Otherwise, the dismissal is deemed unjustified. It should have presented clear and convincing
evidence of imminent economic or business reversals as a form of affirmative defense in the
proceedings before LA or NLRC.
o It is only now that the corporation have belatedly submitted its income tax returns from 1996 to
1999 as proof of alleged continues losses during those years.
o It is already barred from introducing fresh defenses and facts at the appellate stage. These are
questions of fact that must be proven in lower courts. It must now bear the consequence of its
neglect.
o Even if we admit these additional pieces of evidence, the circumstances surround the cessation
of operations reveal the doubtful character of its supposed financial reason.
 The following factors strongly give credence to the contention of MSWU that the real reason behind the
corporation’s shutdown was the formation of their union:
o First, Their claim is belied by their resumption of operations barely a month after the corporation
supposedly folded up.
 They attribute their loss mainly to failure in obtaining an export quota from Garments and
Textile Export Board (GTEB), but the corporation resumed its business without first
obtaining an export quota from the GTEB.
 These export quotas pertain only to business with companies in the US and do not
preclude the corporation from exporting its products to other countries. The business
that corporation engaged in did not depend entirely on exports to the US.

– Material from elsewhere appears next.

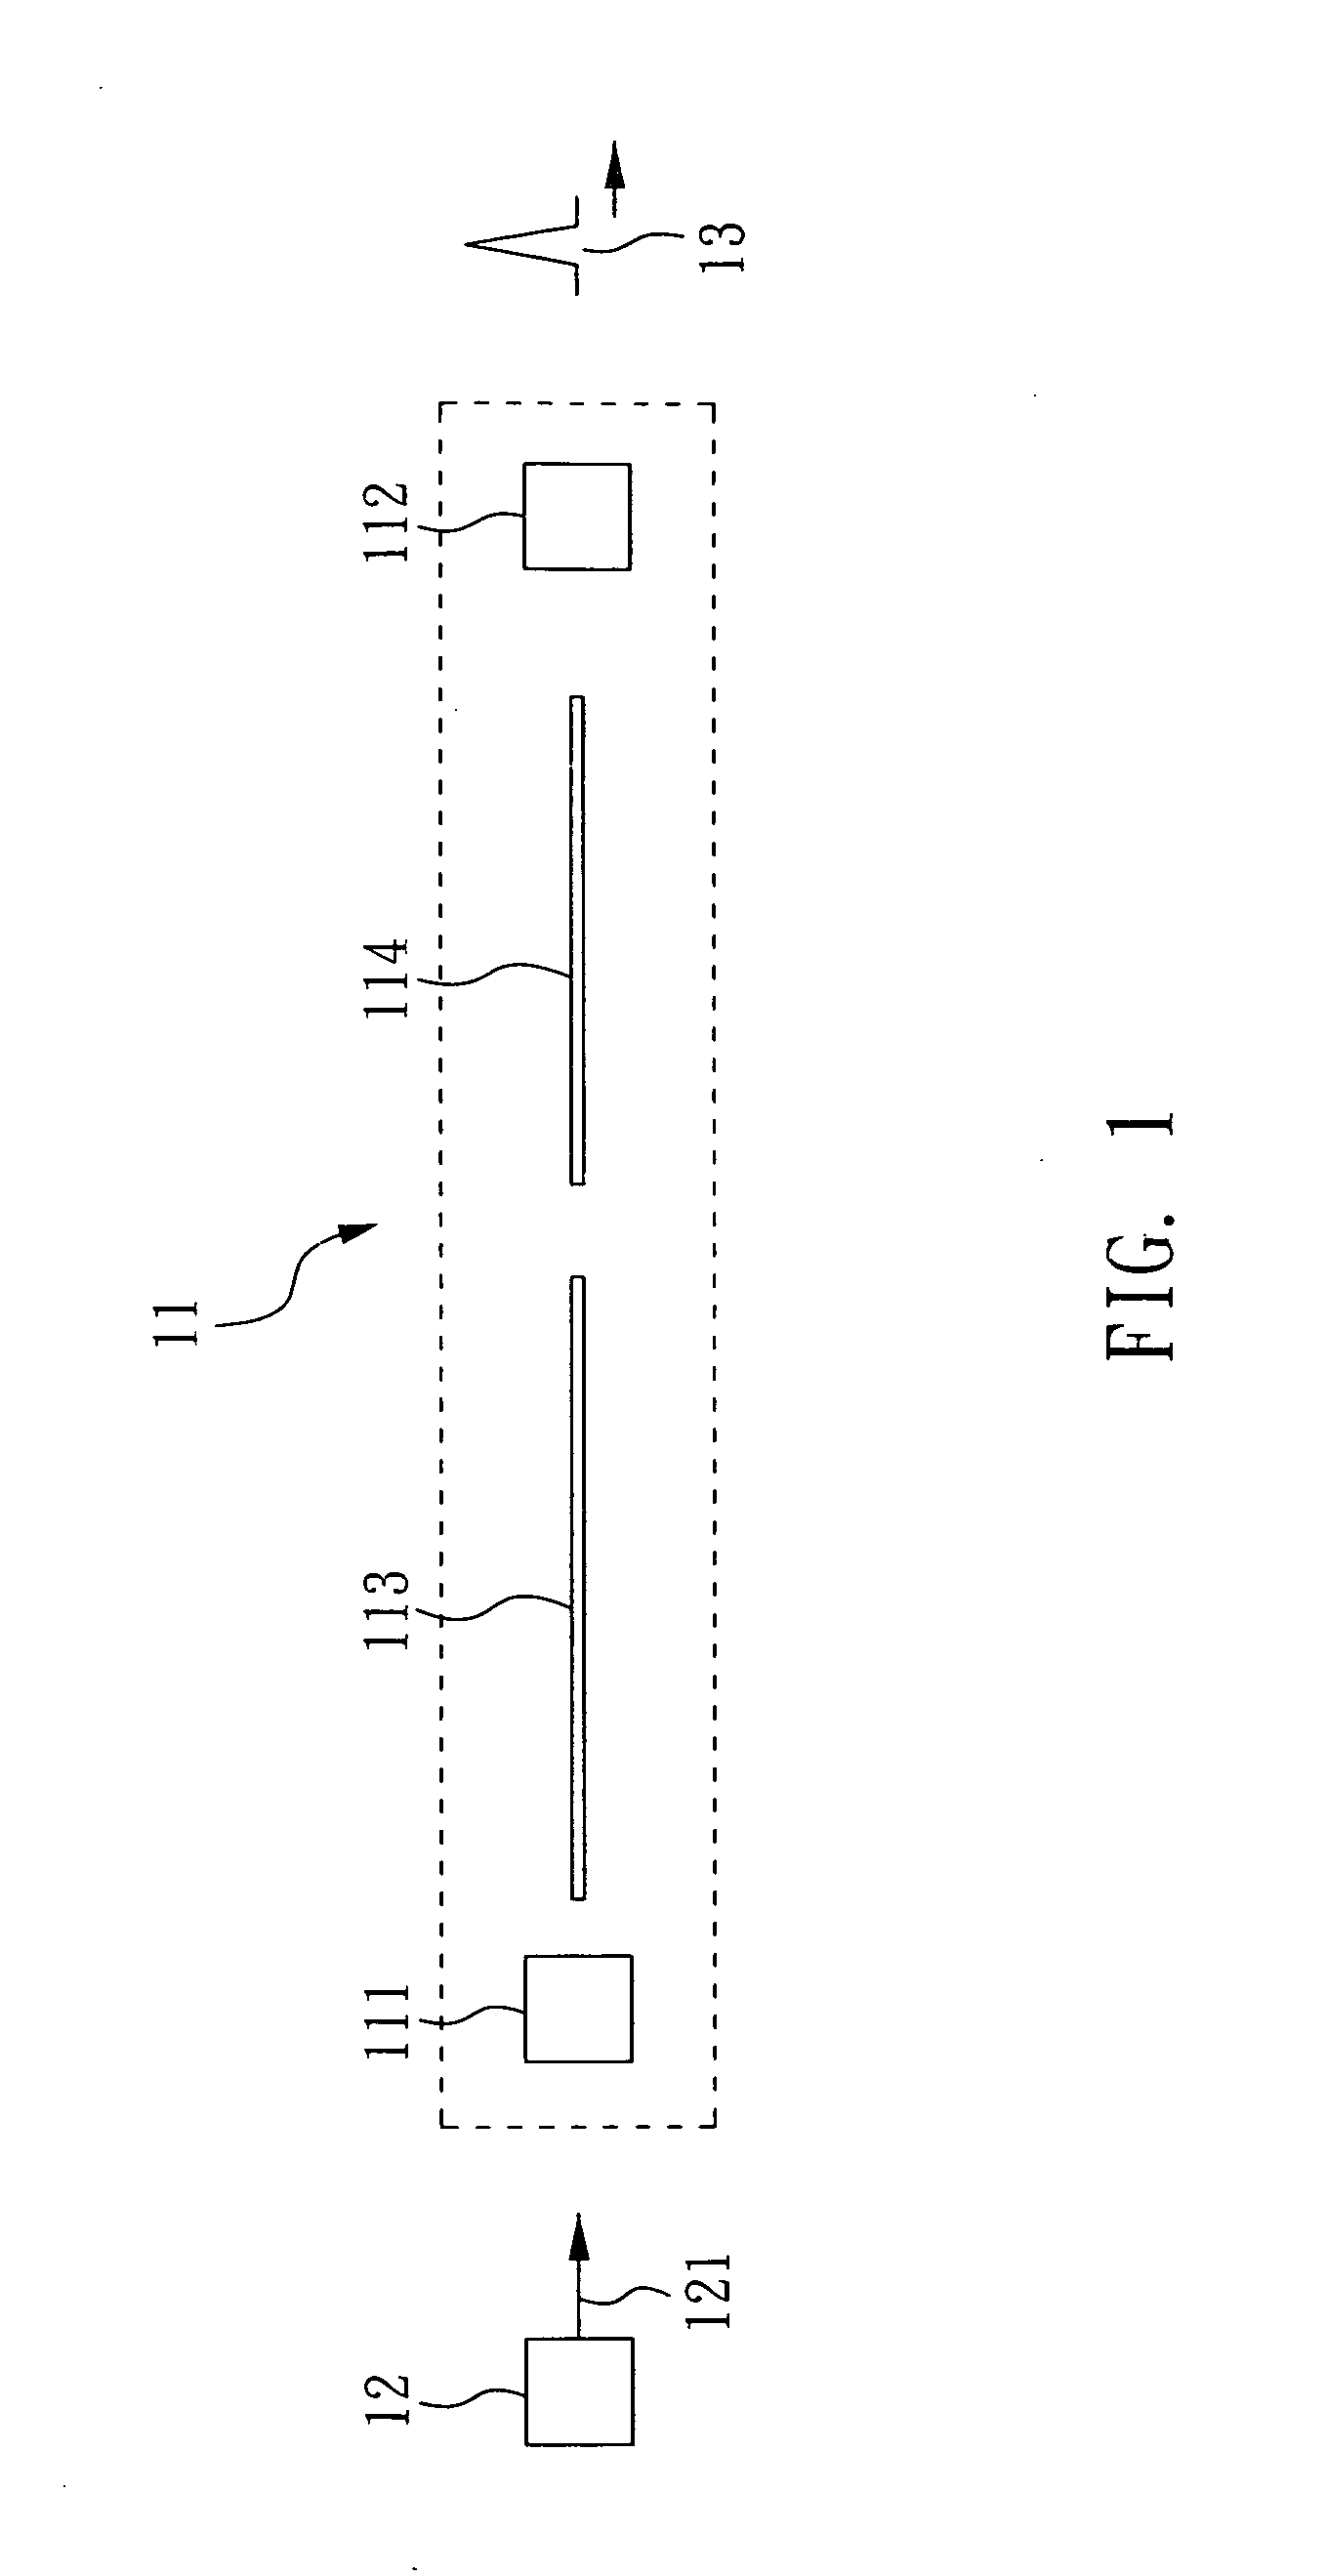 Pulsed laser system with a thulium-doped saturable absorber Q-switch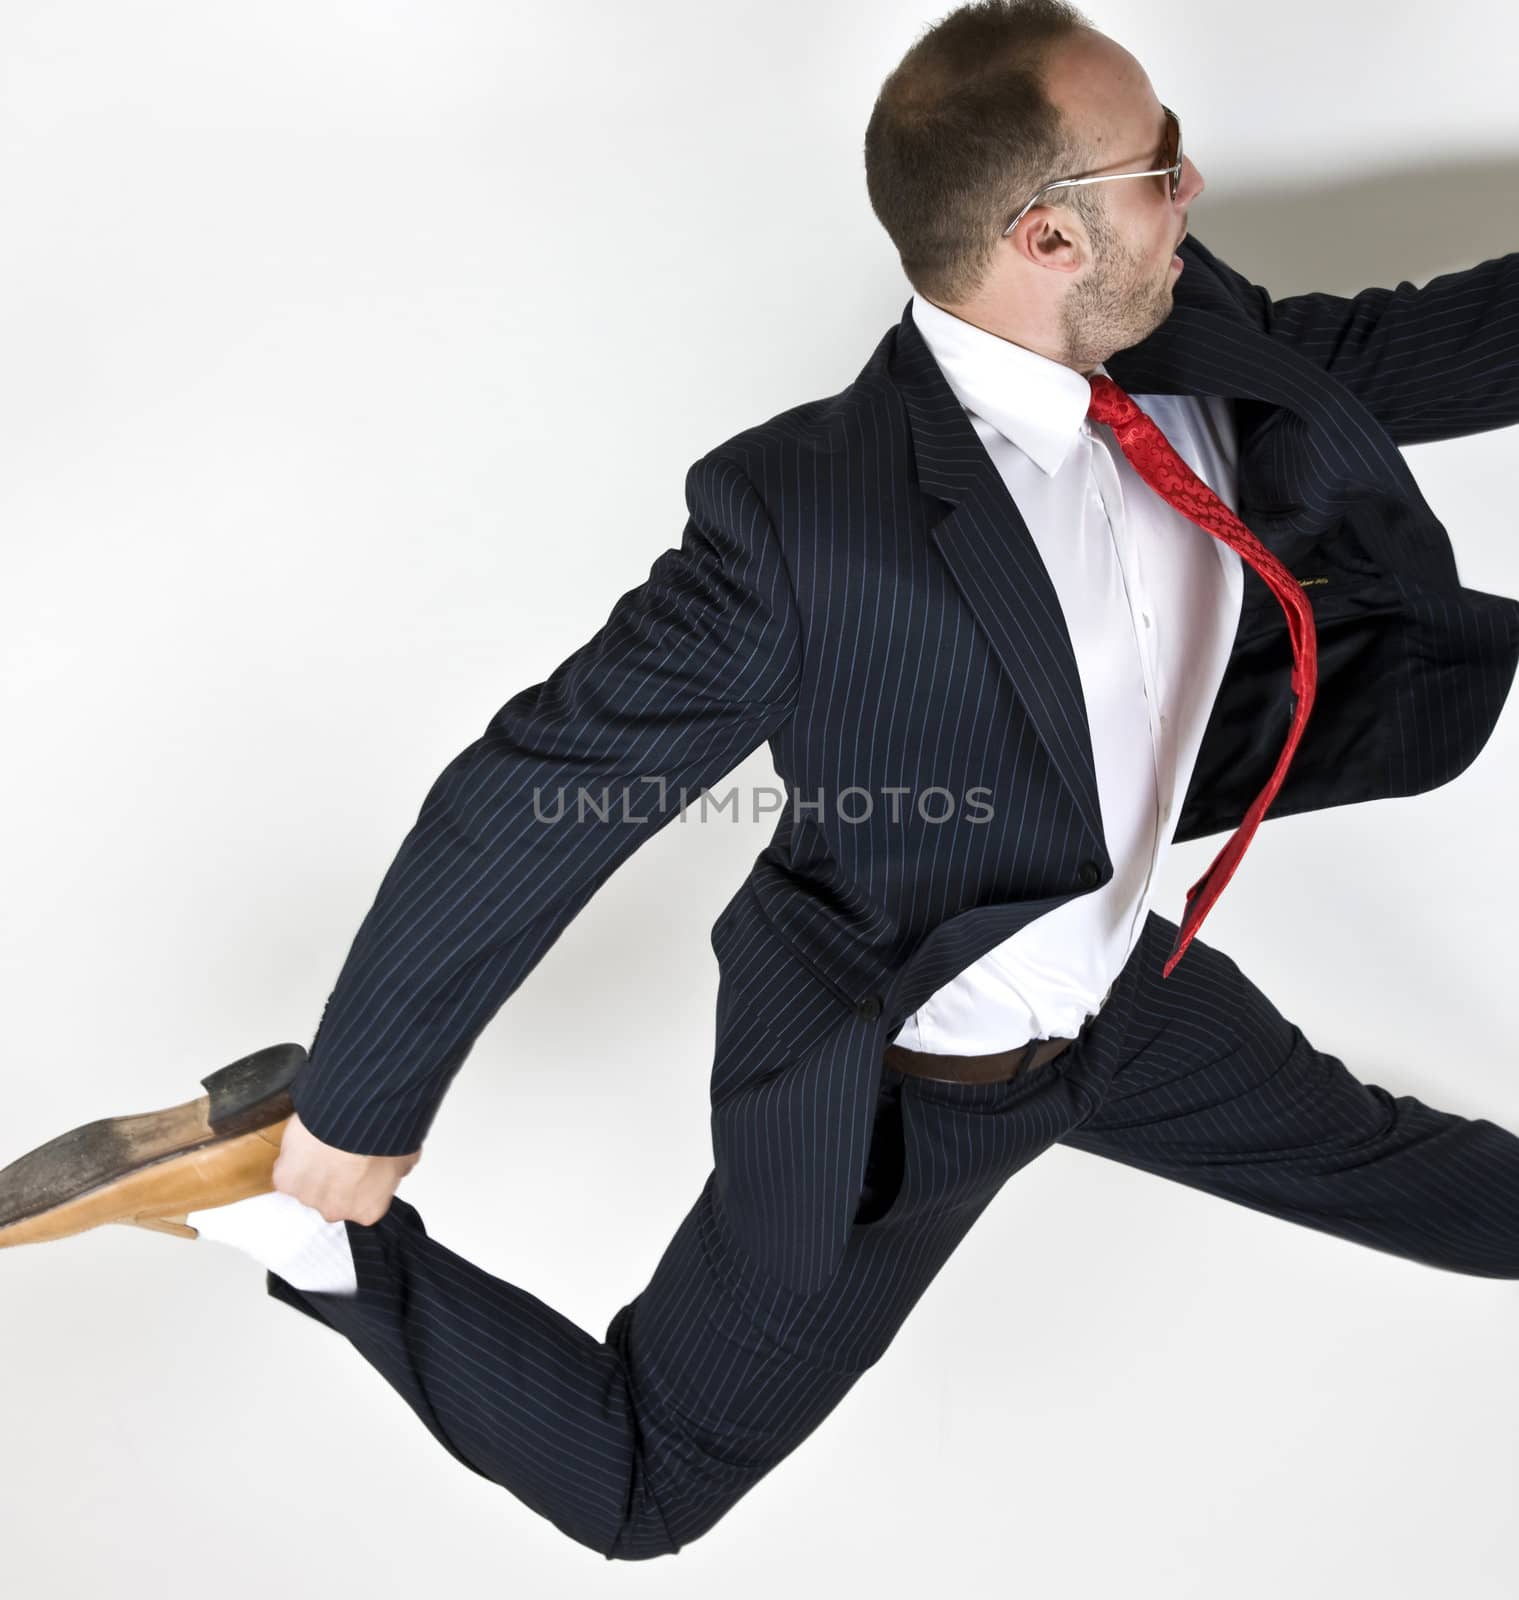 jumping male on isolated background

o Second, Statements of Income and Deficit for the years 1996 and 1997 show that at the
beginning of 1996, the corporation had a deficit of P2,474,505. Yet, the closure was effected
only after more than a year from such year-end deficit; that is, in the middle of 1998, shortly
after the formation of the union.
 The evidence show that by the end of 1997, it had a net income of P1,816,397.
 Corporation had not satisfactorily explained why the workers dismissal was effected only
after the formation of MSWU in September 1998. When employees succeeded in
organizing a union, they were all placed on forced leave without any valid notice due to
lack of quota.
o Third, as a condition for rehiring the employees, the union officers were made to sign an
agreement that they would not form any union upon their return to work. This is contrary to law.
o Fourth, notwithstanding a PCE filed by MSWU, the corporation recognized a newly formed
union and hastily signed a CBA.
o Fifth, corporation was not able to prove their allegation that some of the employees contracts
had expired even before the cessation of operations. This is inconsistent with its claim that all
342 employees were paid their separation pay plus accrued benefits in August 1998.
o Sixth, proper written notices were not sent to DOLE and the employees at least one month prior
the effectivity date of termination as required under the LC. The notice to DOLE is mandatory to
enable authorities to ascertain whether the closure and/or dismissals were being done in good
faith and not to evade compliance with obligations to employees.

Does MSWU have the legal personality to maintain a suit against the corporation? YES.
 It filed a PCE, which was granted on appeal. A CE was also held. DOLE would not have entertained the
petition if the union were not a legitimate labor organization within the meaning of the LC.
o Under the LC, in an unorganized establishment, only a legitimate union may file PCE.
o It is not clear from the record whether MSWU is a legitimate organization, but the Court is not
inclined to believe otherwise, in light of the pro-labor policies enshrined in the Constitution and LC.
o In view of the discriminatory acts committed by the corporation against MSWU prior to the holding
of CE, the results of the elections cannot be said to constitute a repudiation of the affected
employees of the unions right to represent them in the present case.